Delta Faucet Company
- Type: Subsidiary
- Industry: Manufacturing
- Founded: 1954; 72 years ago (as Delta Faucet Company)
- Headquarters: Carmel, Indiana, United States
- Products: Plumbing materials
- Parent: Masco
- Website: deltafaucet.com

= Delta Faucet Company =

Plumbing fixtures company

Delta Faucet Company is an American manufacturer of plumbing fixtures and plumbing materials. It is a subsidiary of Masco Corporation. It manufactures and markets faucets, kitchen sinks, bath/shower fixtures, steam showers, and water filtration units under the Delta, Brizo, Newport Brass, Kraus, and Peerless brand names.

== History ==
Delta Faucet Company is a division owned by Masco, which was founded in Detroit in 1929 by Armenian immigrant Alex Manoogian. In 1952, an eager inventor brought Manoogian his latest invention, a one-handled faucet that mixed both hot and cold water with a ball-valve. Unfortunately it leaked, but Manoogian was intrigued by the idea of utilizing hot and cold water with a single lever He therefore bought the faucet and its rights, improved it, and released it. The faucet remains successful, although other companies soon designed other single-handle faucets that didn't infringe Delta's patents.

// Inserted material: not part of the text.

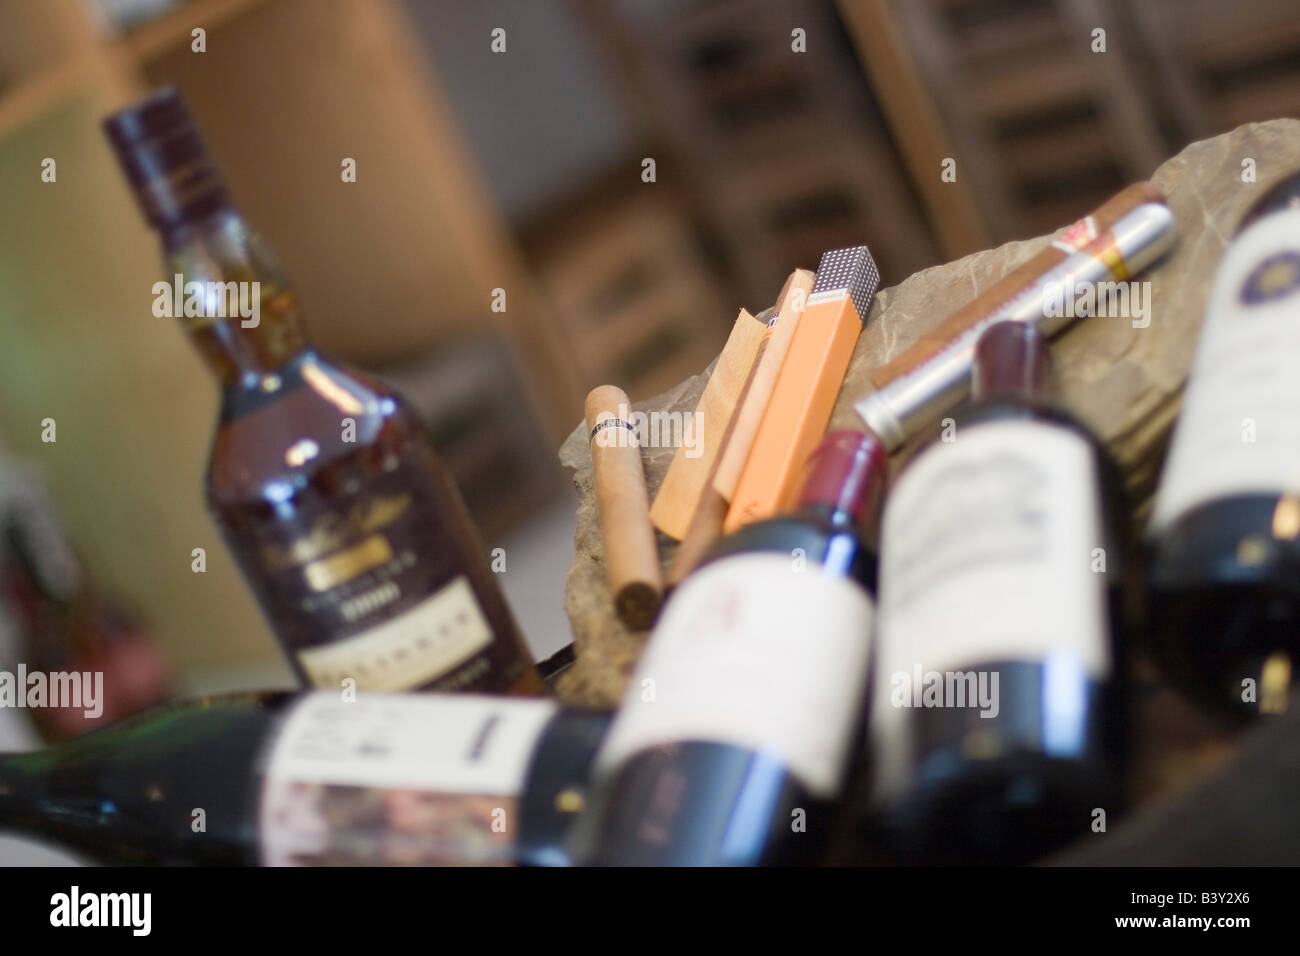 bottles of wine and whisky with cigars Stock Photo
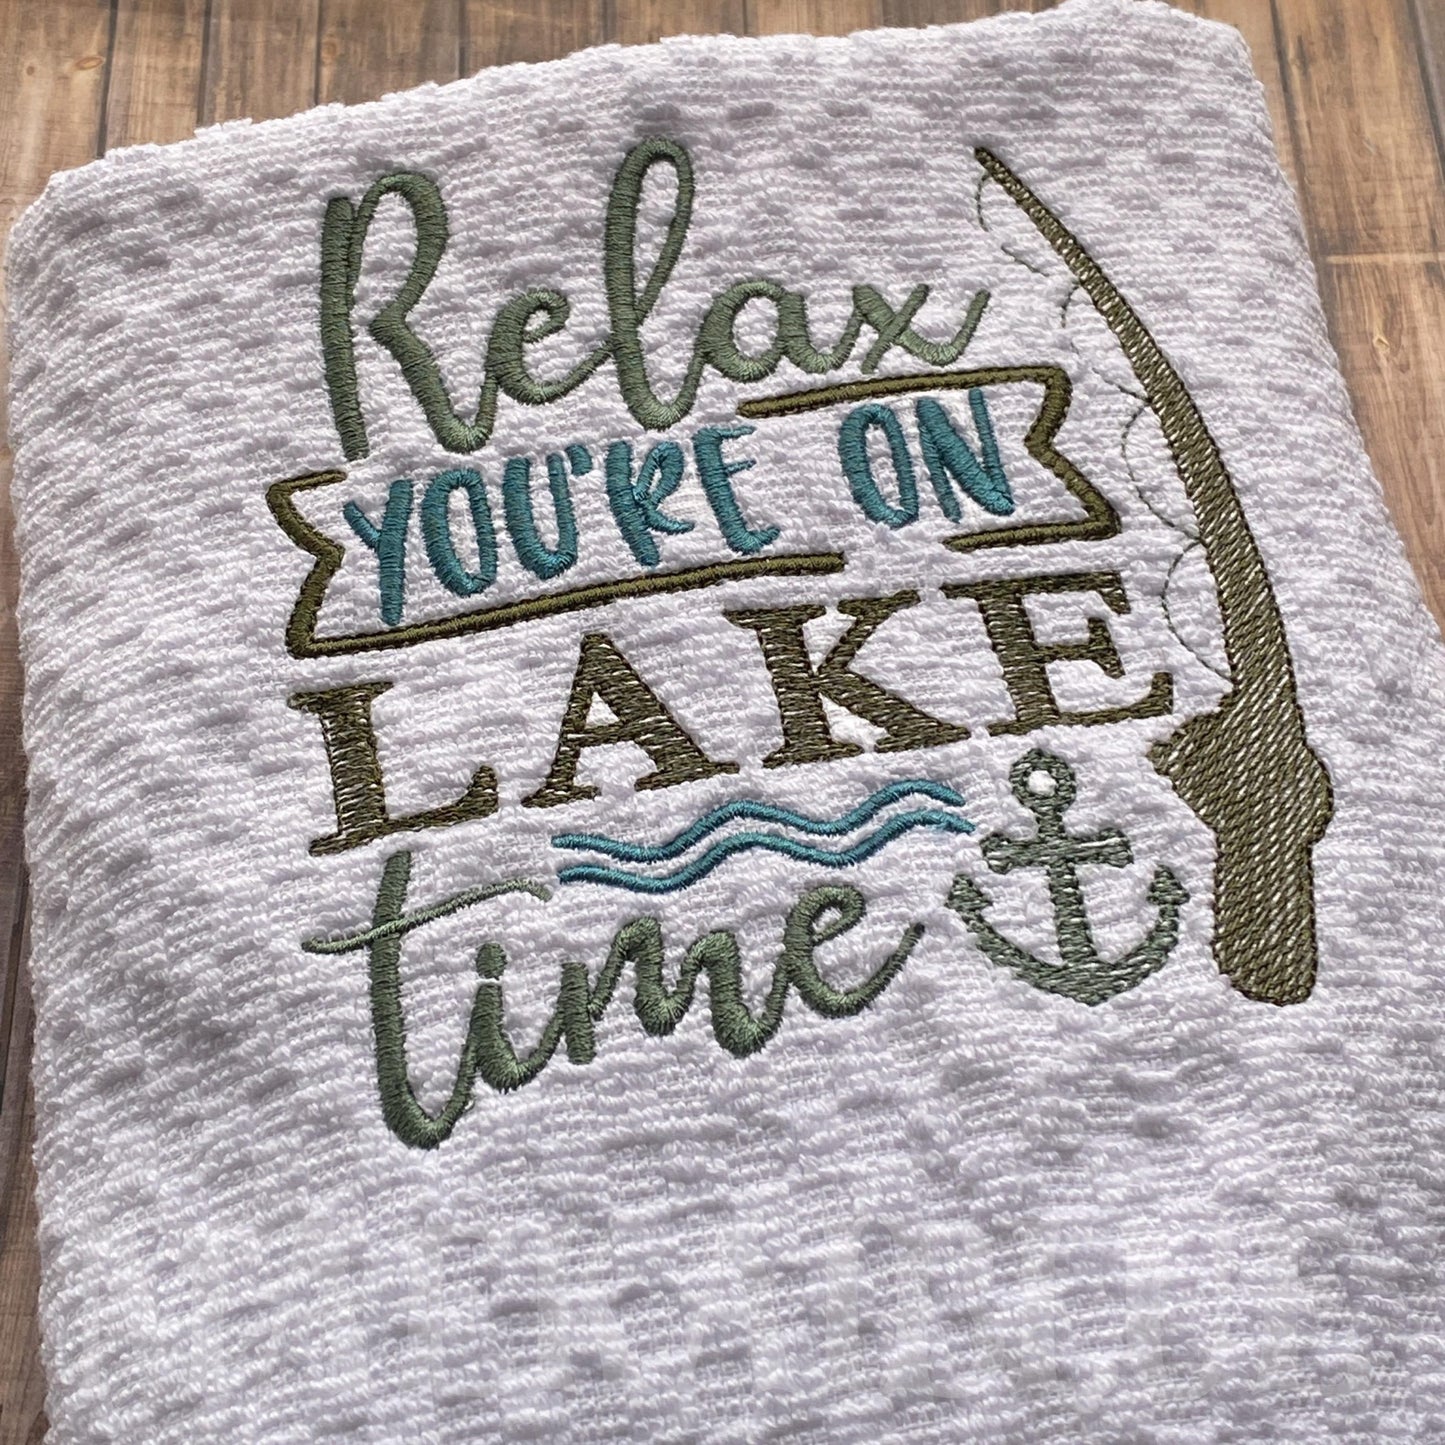 Lake Time - 3 sizes- Digital Embroidery Design

In 1958, the company opened a manufacturing facility in Greensburg, Indiana. In 1976, another facility in Chickasha, Oklahoma was opened (The Chickasha facility closed in 2006), followed by Jackson, Tennessee in 1995. The company also operates manufacturing facilities in Santa Ana, California; Lapeer, Michigan; Morgantown, Kentucky; East Rutherford, New Jersey; and one outside the United States in Panyu, China. Delta Faucet Company is headquartered in Indianapolis, Indiana.

In 2011, Delta introduced the Touch2O and Touch2O.xt series of kitchen and bathroom faucets, the former with touch sensors and the latter designed for hands-free operation with capacitive sensors.

In 2017, Delta started manufacturing its first kitchen sinks.

In 2019, Delta introduced the VoiceIQ kitchen faucet, which can respond to voice commands via Amazon Alexa or Google Assistant. All Touch2O kitchen faucets manufactured since 2018 can be retrofitted with the VoiceIQ module to add VoiceIQ functionality to existing Touch2O faucets. Competitors include the U by Moen and the Kohler Sensate with Konnect smart kitchen faucets.

In 2020, Delta acquired the Kraus brand of plumbing fixtures, founded in 2007.

In February 2025, Masco folded Brasstech and the Newport Brass brand into its Delta Faucet division.